Amy Boersma, a 37-year-old Kansas City woman who recently experienced being unhoused for three months, relied on organizations similar to Flow Forward to access period products through a homeless shelter where she stayed. Still, Boersma said she struggled to receive products that worked for her on a regular basis.

“You have the issue of, ‘Do I just work with the really crappy pad, do I just use toilet paper or something, or do I just deal with it because I can’t afford that $7 box,” Boersma said.

The donations from Flow Forward will be welcomed in the community, Boersma said, as they’re working to collect things like menstrual underwear, cups and organic tampons, whereas many places provide only pads.

Flow Forward
Photo courtesy Flow Forward.

Flow Forward is part of a larger initiative

Recently, Flow Forward has become a chapter of PERIOD., a 501(c)(3) nonprofit that started in 2014 by high school students in Portland, Oregon. Katakamshetty is hopeful this partnership will allow the group to do more.

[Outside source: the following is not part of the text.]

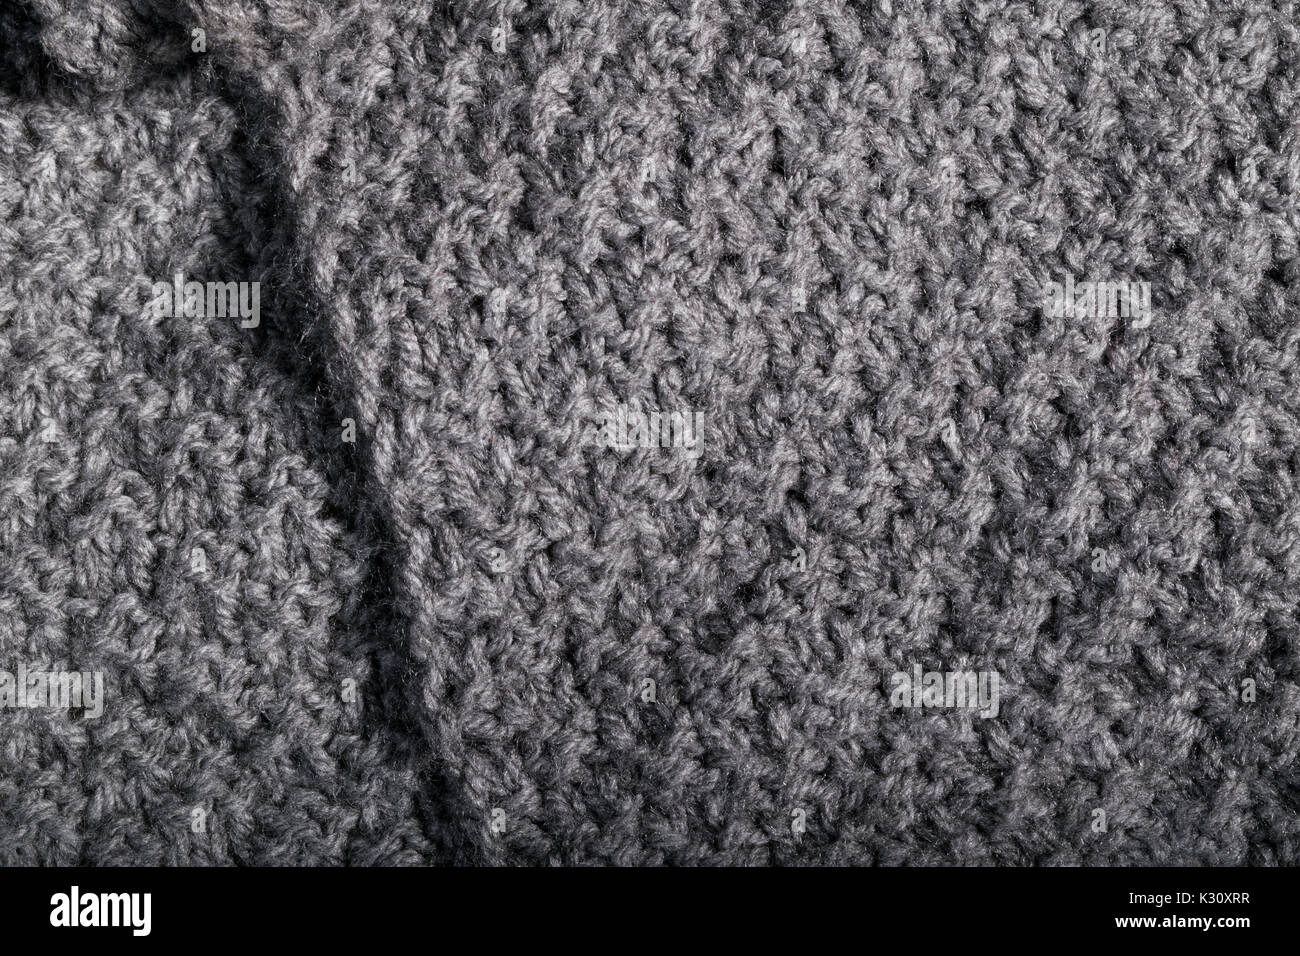 Handarbeit stricken Arbeiten in Details für Grey cashmere Wolle Stoff,  Textil Stockfotografie - Alamy

“A lot of the places we went to, we weren’t able to set up a location because we’re not officially a nonprofit, but now that we’re under PERIOD., I think it will be easier for our next drive to set up locations,” Katakamshetty said.

The founders hope that being a chapter of PERIOD. will also allow them to host local educational events and guest speakers geared toward destigmatizing periods and educating people who menstruate on how to manage their cycle and access period products.

“If they don’t talk about periods, they don’t have education about how to handle periods, and that leads to a lack of resources,” Katakamshetty said

Boersma is also frustrated by the negative stigma associated with periods. She said it has directly impacted her ability to access products.

“It should be just as common as finding toilet paper,” Boersma said. “I think that if there were less shame around periods…then this would not be an issue.”

In addition to education, Flow Forward wants to move into advocacy as the organization grows, Rastogi said. Specifically, she wants the group to be able to address period products in correctional facilities.

In addition to hosting more drives, the founders of Flow Forward want to host fundraisers to fund buying period products, which they will focus on donating to rural schools and Title I schools — schools that receive additional government funding in order to support a high percentage of low-income students.

Natasha Vyhovsky is a contributor to the Post.